Your objective.
Read the records and write them out again exactly.

== == ==

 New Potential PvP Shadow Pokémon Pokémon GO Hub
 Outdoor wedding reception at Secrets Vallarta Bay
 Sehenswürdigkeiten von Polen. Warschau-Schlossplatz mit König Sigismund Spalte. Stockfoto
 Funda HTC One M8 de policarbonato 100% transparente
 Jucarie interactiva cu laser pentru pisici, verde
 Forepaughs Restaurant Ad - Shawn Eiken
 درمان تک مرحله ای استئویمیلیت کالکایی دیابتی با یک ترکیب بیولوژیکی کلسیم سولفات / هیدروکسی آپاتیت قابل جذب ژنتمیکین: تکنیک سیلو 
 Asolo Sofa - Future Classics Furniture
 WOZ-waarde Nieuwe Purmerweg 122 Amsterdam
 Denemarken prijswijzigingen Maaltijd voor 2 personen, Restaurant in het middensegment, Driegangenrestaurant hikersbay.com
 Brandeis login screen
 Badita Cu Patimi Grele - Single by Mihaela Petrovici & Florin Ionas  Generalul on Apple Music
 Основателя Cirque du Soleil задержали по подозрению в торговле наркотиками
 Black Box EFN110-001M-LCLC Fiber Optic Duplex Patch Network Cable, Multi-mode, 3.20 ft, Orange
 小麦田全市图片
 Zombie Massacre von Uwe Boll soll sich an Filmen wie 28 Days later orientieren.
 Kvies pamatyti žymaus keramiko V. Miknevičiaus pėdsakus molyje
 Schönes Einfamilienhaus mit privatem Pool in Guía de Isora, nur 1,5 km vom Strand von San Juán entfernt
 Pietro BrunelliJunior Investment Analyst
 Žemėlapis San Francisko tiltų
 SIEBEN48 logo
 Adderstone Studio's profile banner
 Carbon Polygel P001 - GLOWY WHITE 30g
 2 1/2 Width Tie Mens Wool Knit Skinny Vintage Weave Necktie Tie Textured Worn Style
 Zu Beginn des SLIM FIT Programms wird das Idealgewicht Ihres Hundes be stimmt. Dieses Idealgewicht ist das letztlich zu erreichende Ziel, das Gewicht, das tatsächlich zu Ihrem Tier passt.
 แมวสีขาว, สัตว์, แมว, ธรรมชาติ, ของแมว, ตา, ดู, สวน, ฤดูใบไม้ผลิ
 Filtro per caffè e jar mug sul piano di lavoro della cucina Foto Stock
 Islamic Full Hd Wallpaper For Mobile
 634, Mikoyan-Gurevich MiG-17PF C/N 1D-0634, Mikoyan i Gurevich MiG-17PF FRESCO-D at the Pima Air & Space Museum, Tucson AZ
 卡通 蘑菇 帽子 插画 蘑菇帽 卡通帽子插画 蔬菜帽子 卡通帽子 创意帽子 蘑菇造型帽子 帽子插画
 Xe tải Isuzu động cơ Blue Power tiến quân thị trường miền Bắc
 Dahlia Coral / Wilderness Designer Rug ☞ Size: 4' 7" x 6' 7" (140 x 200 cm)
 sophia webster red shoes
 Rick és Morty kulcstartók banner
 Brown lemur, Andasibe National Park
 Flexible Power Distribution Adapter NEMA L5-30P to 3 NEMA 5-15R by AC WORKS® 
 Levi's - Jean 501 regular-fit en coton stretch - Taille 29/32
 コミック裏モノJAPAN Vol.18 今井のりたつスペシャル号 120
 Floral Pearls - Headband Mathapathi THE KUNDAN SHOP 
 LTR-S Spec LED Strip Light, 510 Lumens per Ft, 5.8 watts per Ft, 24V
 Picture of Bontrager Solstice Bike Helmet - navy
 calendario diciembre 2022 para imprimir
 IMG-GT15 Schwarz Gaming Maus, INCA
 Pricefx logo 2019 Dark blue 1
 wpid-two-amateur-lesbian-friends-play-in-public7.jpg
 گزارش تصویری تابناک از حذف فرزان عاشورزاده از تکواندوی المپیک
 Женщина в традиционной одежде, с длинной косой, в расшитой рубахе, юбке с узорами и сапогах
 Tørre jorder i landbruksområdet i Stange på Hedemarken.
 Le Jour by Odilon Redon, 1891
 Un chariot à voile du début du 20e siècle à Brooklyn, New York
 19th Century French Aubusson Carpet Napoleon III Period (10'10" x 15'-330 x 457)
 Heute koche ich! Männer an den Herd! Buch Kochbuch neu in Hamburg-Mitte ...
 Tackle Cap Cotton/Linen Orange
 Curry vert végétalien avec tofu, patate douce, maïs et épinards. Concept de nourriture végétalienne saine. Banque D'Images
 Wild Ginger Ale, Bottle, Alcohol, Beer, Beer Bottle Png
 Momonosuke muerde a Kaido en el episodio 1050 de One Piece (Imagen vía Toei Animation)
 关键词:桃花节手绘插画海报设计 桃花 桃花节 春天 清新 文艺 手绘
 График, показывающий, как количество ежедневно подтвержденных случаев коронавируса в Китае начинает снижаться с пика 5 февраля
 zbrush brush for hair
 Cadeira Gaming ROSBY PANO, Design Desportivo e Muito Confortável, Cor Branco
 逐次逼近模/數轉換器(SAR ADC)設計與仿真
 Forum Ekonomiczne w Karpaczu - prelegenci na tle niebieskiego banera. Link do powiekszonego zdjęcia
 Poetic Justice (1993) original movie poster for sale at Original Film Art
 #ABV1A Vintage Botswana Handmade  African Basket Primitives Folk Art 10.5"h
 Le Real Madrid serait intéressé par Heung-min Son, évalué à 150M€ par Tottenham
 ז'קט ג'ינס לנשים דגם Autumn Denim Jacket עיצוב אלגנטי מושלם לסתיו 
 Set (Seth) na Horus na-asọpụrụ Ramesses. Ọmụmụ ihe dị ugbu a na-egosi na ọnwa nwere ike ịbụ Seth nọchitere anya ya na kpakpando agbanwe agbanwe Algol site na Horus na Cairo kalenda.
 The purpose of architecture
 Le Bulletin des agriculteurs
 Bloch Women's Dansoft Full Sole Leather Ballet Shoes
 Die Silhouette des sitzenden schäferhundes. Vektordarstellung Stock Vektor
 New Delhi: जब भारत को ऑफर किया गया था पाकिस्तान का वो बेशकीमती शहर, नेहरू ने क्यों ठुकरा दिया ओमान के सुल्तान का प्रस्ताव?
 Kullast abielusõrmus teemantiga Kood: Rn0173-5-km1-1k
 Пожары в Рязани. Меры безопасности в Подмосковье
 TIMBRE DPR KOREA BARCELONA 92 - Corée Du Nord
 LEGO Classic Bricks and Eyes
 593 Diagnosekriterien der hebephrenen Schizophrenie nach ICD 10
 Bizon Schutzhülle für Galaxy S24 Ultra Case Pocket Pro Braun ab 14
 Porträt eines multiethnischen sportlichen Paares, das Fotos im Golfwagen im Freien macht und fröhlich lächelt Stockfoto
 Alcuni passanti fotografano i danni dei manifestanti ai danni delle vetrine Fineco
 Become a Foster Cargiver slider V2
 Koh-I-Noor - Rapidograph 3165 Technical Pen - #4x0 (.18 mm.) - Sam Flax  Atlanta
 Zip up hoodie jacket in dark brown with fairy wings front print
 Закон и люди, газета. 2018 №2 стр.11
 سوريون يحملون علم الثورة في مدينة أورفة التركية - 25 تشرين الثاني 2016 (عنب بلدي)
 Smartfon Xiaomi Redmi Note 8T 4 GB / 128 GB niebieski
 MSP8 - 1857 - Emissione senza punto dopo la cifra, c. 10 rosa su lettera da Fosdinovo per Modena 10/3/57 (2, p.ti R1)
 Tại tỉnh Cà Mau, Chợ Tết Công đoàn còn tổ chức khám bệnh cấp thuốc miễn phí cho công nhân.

== == ==

Response area.
 New Potential PvP Shadow Pokémon Pokémon GO Hub
 Outdoor wedding reception at Secrets Vallarta Bay
 Sehenswürdigkeiten von Polen. Warschau-Schlossplatz mit König Sigismund Spalte. Stockfoto
 Funda HTC One M8 de policarbonato 100% transparente
 Jucarie interactiva cu laser pentru pisici, verde
 Forepaughs Restaurant Ad - Shawn Eiken
 درمان تک مرحله ای استئویمیلیت کالکایی دیابتی با یک ترکیب بیولوژیکی کلسیم سولفات / هیدروکسی آپاتیت قابل جذب ژنتمیکین: تکنیک سیلو 
 Asolo Sofa - Future Classics Furniture
 WOZ-waarde Nieuwe Purmerweg 122 Amsterdam
 Denemarken prijswijzigingen Maaltijd voor 2 personen, Restaurant in het middensegment, Driegangenrestaurant hikersbay.com
 Brandeis login screen
 Badita Cu Patimi Grele - Single by Mihaela Petrovici & Florin Ionas  Generalul on Apple Music
 Основателя Cirque du Soleil задержали по подозрению в торговле наркотиками
 Black Box EFN110-001M-LCLC Fiber Optic Duplex Patch Network Cable, Multi-mode, 3.20 ft, Orange
 小麦田全市图片
 Zombie Massacre von Uwe Boll soll sich an Filmen wie 28 Days later orientieren.
 Kvies pamatyti žymaus keramiko V. Miknevičiaus pėdsakus molyje
 Schönes Einfamilienhaus mit privatem Pool in Guía de Isora, nur 1,5 km vom Strand von San Juán entfernt
 Pietro BrunelliJunior Investment Analyst
 Žemėlapis San Francisko tiltų
 SIEBEN48 logo
 Adderstone Studio's profile banner
 Carbon Polygel P001 - GLOWY WHITE 30g
 2 1/2 Width Tie Mens Wool Knit Skinny Vintage Weave Necktie Tie Textured Worn Style
 Zu Beginn des SLIM FIT Programms wird das Idealgewicht Ihres Hundes be stimmt. Dieses Idealgewicht ist das letztlich zu erreichende Ziel, das Gewicht, das tatsächlich zu Ihrem Tier passt.
 แมวสีขาว, สัตว์, แมว, ธรรมชาติ, ของแมว, ตา, ดู, สวน, ฤดูใบไม้ผลิ
 Filtro per caffè e jar mug sul piano di lavoro della cucina Foto Stock
 Islamic Full Hd Wallpaper For Mobile
 634, Mikoyan-Gurevich MiG-17PF C/N 1D-0634, Mikoyan i Gurevich MiG-17PF FRESCO-D at the Pima Air & Space Museum, Tucson AZ
 卡通 蘑菇 帽子 插画 蘑菇帽 卡通帽子插画 蔬菜帽子 卡通帽子 创意帽子 蘑菇造型帽子 帽子插画
 Xe tải Isuzu động cơ Blue Power tiến quân thị trường miền Bắc
 Dahlia Coral / Wilderness Designer Rug ☞ Size: 4' 7" x 6' 7" (140 x 200 cm)
 sophia webster red shoes
 Rick és Morty kulcstartók banner
 Brown lemur, Andasibe National Park
 Flexible Power Distribution Adapter NEMA L5-30P to 3 NEMA 5-15R by AC WORKS® 
 Levi's - Jean 501 regular-fit en coton stretch - Taille 29/32
 コミック裏モノJAPAN Vol.18 今井のりたつスペシャル号 120
 Floral Pearls - Headband Mathapathi THE KUNDAN SHOP 
 LTR-S Spec LED Strip Light, 510 Lumens per Ft, 5.8 watts per Ft, 24V
 Picture of Bontrager Solstice Bike Helmet - navy
 calendario diciembre 2022 para imprimir
 IMG-GT15 Schwarz Gaming Maus, INCA
 Pricefx logo 2019 Dark blue 1
 wpid-two-amateur-lesbian-friends-play-in-public7.jpg
 گزارش تصویری تابناک از حذف فرزان عاشورزاده از تکواندوی المپیک
 Женщина в традиционной одежде, с длинной косой, в расшитой рубахе, юбке с узорами и сапогах
 Tørre jorder i landbruksområdet i Stange på Hedemarken.
 Le Jour by Odilon Redon, 1891
 Un chariot à voile du début du 20e siècle à Brooklyn, New York
 19th Century French Aubusson Carpet Napoleon III Period (10'10" x 15'-330 x 457)
 Heute koche ich! Männer an den Herd! Buch Kochbuch neu in Hamburg-Mitte ...
 Tackle Cap Cotton/Linen Orange
 Curry vert végétalien avec tofu, patate douce, maïs et épinards. Concept de nourriture végétalienne saine. Banque D'Images
 Wild Ginger Ale, Bottle, Alcohol, Beer, Beer Bottle Png
 Momonosuke muerde a Kaido en el episodio 1050 de One Piece (Imagen vía Toei Animation)
 关键词:桃花节手绘插画海报设计 桃花 桃花节 春天 清新 文艺 手绘
 График, показывающий, как количество ежедневно подтвержденных случаев коронавируса в Китае начинает снижаться с пика 5 февраля
 zbrush brush for hair
 Cadeira Gaming ROSBY PANO, Design Desportivo e Muito Confortável, Cor Branco
 逐次逼近模/數轉換器(SAR ADC)設計與仿真
 Forum Ekonomiczne w Karpaczu - prelegenci na tle niebieskiego banera. Link do powiekszonego zdjęcia
 Poetic Justice (1993) original movie poster for sale at Original Film Art
 #ABV1A Vintage Botswana Handmade  African Basket Primitives Folk Art 10.5"h
 Le Real Madrid serait intéressé par Heung-min Son, évalué à 150M€ par Tottenham
 ז'קט ג'ינס לנשים דגם Autumn Denim Jacket עיצוב אלגנטי מושלם לסתיו 
 Set (Seth) na Horus na-asọpụrụ Ramesses. Ọmụmụ ihe dị ugbu a na-egosi na ọnwa nwere ike ịbụ Seth nọchitere anya ya na kpakpando agbanwe agbanwe Algol site na Horus na Cairo kalenda.
 The purpose of architecture
 Le Bulletin des agriculteurs
 Bloch Women's Dansoft Full Sole Leather Ballet Shoes
 Die Silhouette des sitzenden schäferhundes. Vektordarstellung Stock Vektor
 New Delhi: जब भारत को ऑफर किया गया था पाकिस्तान का वो बेशकीमती शहर, नेहरू ने क्यों ठुकरा दिया ओमान के सुल्तान का प्रस्ताव?
 Kullast abielusõrmus teemantiga Kood: Rn0173-5-km1-1k
 Пожары в Рязани. Меры безопасности в Подмосковье
 TIMBRE DPR KOREA BARCELONA 92 - Corée Du Nord
 LEGO Classic Bricks and Eyes
 593 Diagnosekriterien der hebephrenen Schizophrenie nach ICD 10
 Bizon Schutzhülle für Galaxy S24 Ultra Case Pocket Pro Braun ab 14
 Porträt eines multiethnischen sportlichen Paares, das Fotos im Golfwagen im Freien macht und fröhlich lächelt Stockfoto
 Alcuni passanti fotografano i danni dei manifestanti ai danni delle vetrine Fineco
 Become a Foster Cargiver slider V2
 Koh-I-Noor - Rapidograph 3165 Technical Pen - #4x0 (.18 mm.) - Sam Flax  Atlanta
 Zip up hoodie jacket in dark brown with fairy wings front print
 Закон и люди, газета. 2018 №2 стр.11
 سوريون يحملون علم الثورة في مدينة أورفة التركية - 25 تشرين الثاني 2016 (عنب بلدي)
 Smartfon Xiaomi Redmi Note 8T 4 GB / 128 GB niebieski
 MSP8 - 1857 - Emissione senza punto dopo la cifra, c. 10 rosa su lettera da Fosdinovo per Modena 10/3/57 (2, p.ti R1)
 Tại tỉnh Cà Mau, Chợ Tết Công đoàn còn tổ chức khám bệnh cấp thuốc miễn phí cho công nhân.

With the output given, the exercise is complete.